After he walked out the door I had the novel and unknown feeling of being alone.
The novel and unknown feeling of realizing that, for the first time, I was all by my (S)elf.
As in, the (S)elf was sitting right next to me, and I knew that if I would have tuned my head and looked at her she'd cheekily wink at me and said "finally".
I had this moment of distortion between the experiencer and the experience :: of the self and the Self.
And it was hell, but it was bliss. These blurred lines dried the tears down my cheeks, chest, belly.
And then I knew exactly what he meant. Every threshold point of my journey, every time I could have said fuck this shit I'm turning back, every gate guardian has shown me once more that I want this more than anything in the entire universe. That every obstacle is the universe asking me to prove if I really want it that bad.
I knew that no matter how much it burns at times I'll keep walking through the flames of my ardent desire to follow my own path.
21 days around the biggest mountain rage in the world :::::: what the fuck was that?? was that a glitch, or did we slip into a portal back in time and returned to this realm in one piece? did it actually happen?

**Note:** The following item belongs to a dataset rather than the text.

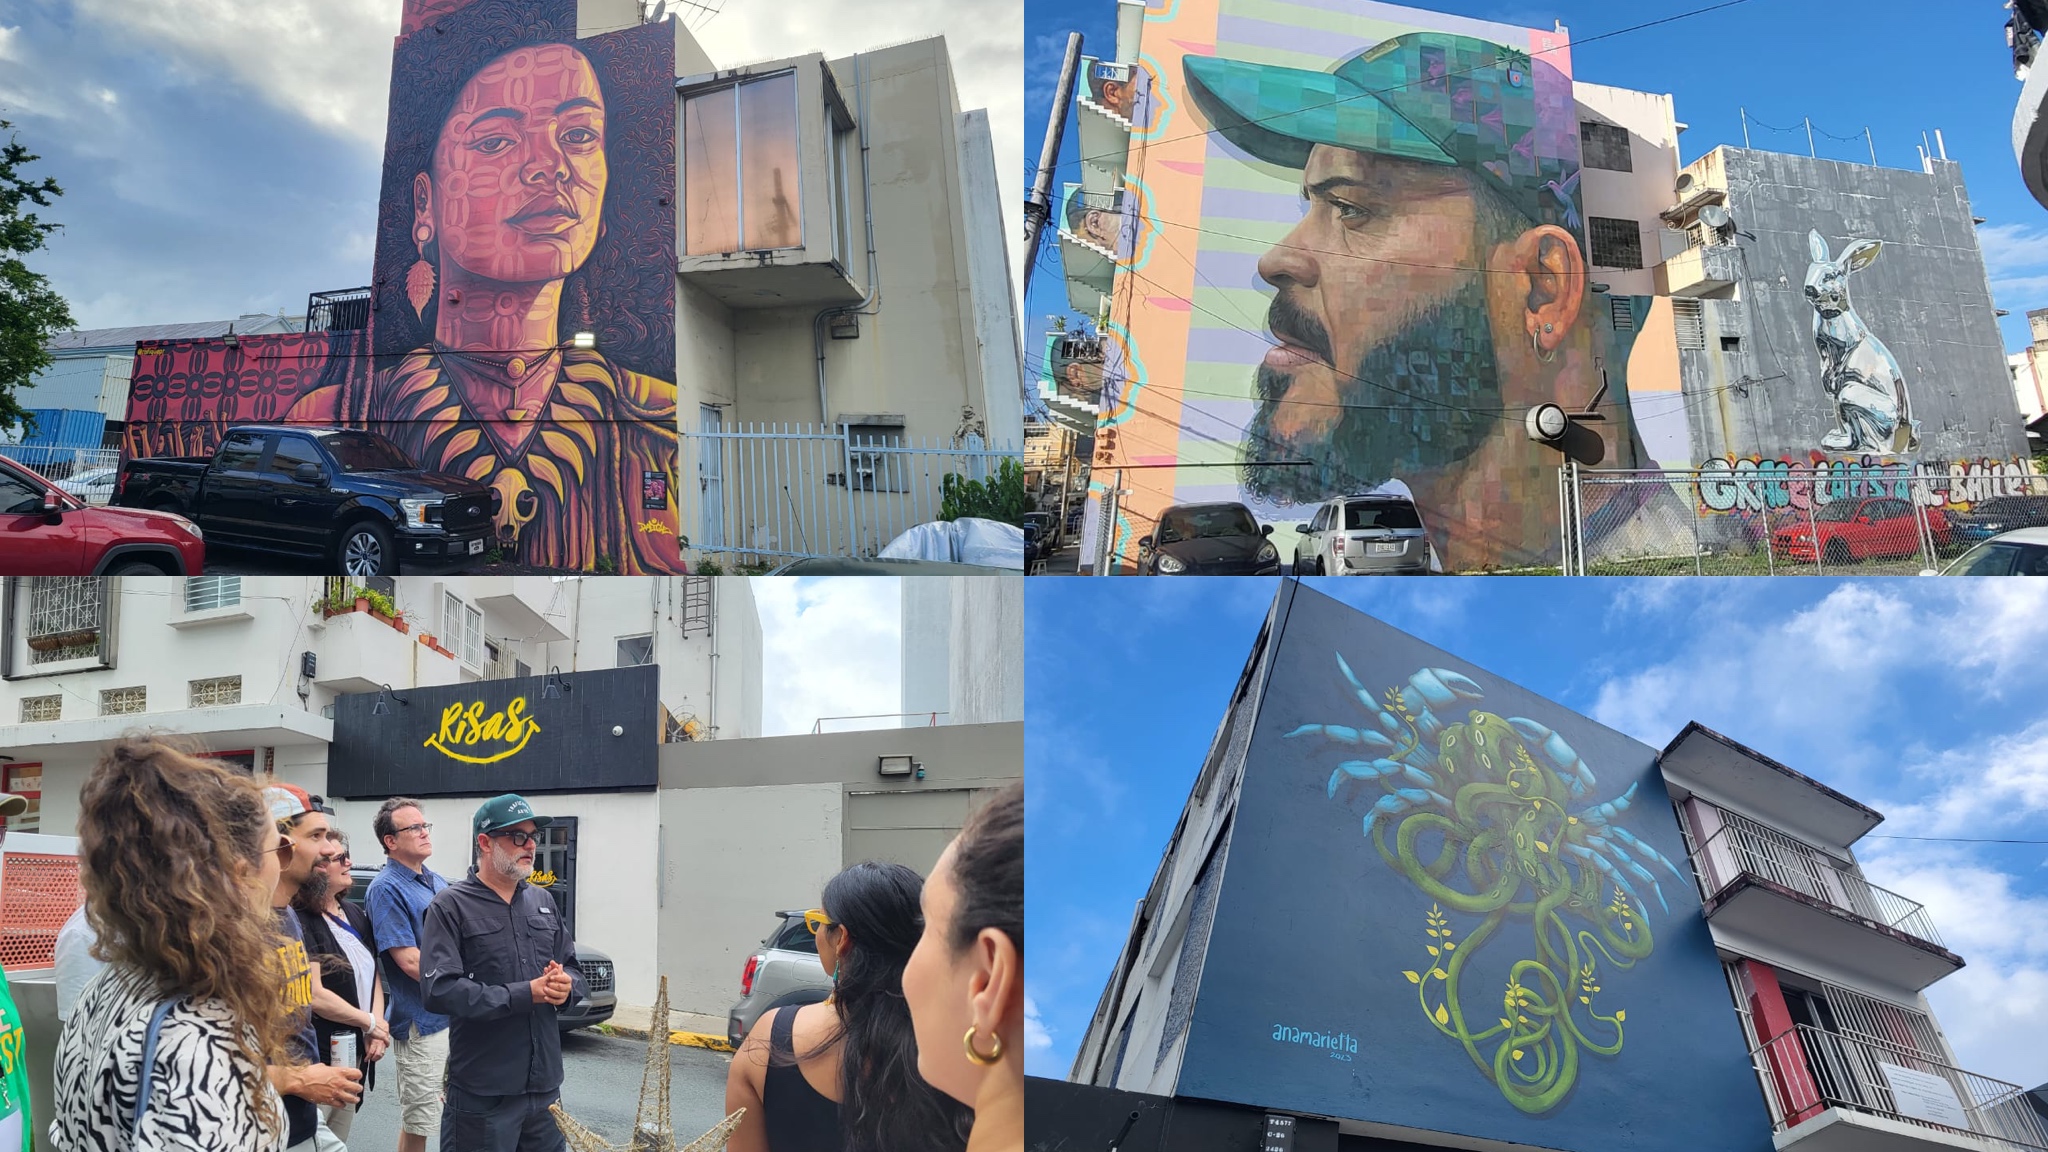     Porto-Rico : à Santurce, l'art, héritage de l'esclavage, irradie les murs

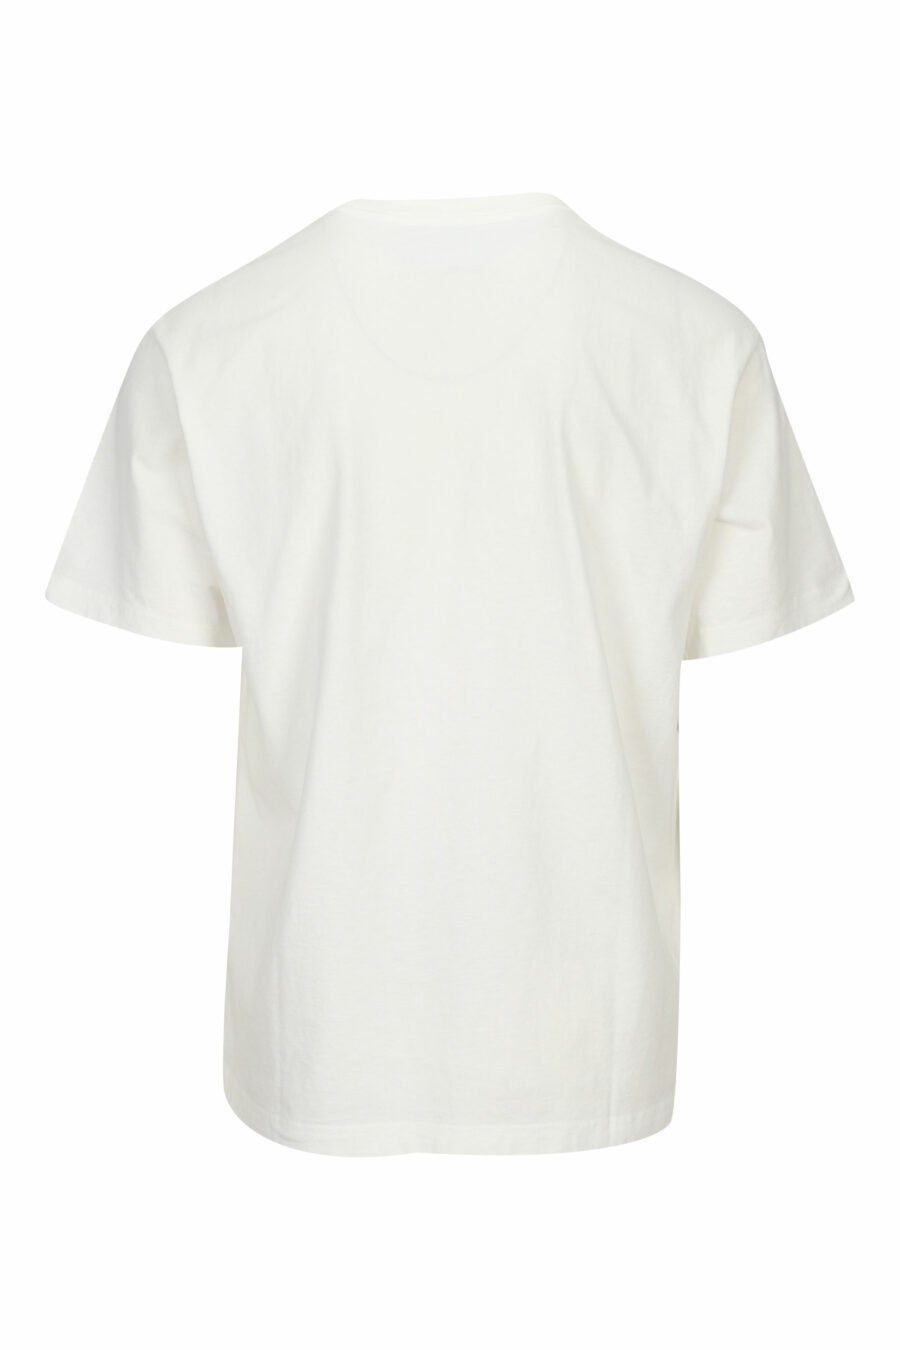 White T-shirt with diagonal maxilogo "kenzo orange" - 3612230627000 1

I feel like at some point of the trek the scale started to distort :: the lines that define where my body ends and where the mountain starts began to blur. The oneness hit differently up there: at some point my heart syncs into the Annapurna's heartbeat.
Slowly, surely, the path takes a turn inwards. Shit ::: I've been walking inside of my self !! my veins become the trail and the river merges with my own stream of consciousness.
My "own?" dot dot dot lol, this is a whole other chapter.
& then there's the silence. I mean, fuck – what can I say about the loudness of the silence up here?
Blank state. I've been the vessel for this mountain to experience herself for the past 21 days. And "I"? HA. I completely lost myself inside the mother of all mountains, only to find myself when I would feel here thinking the same thing.
I look at the mountain and she looks back at me. Her soft gaze telling me this is not the first time she's felt me before. And I feel an overwhelming mania that I've done this a million times before. That consciousness doesn't end where the body does.
Mother matrix Most Mysterious: this question will always energize me when I look back to these wild days: who was truly exploring who? The universe always finds it's cheeky ways to wink at you if you stay curious.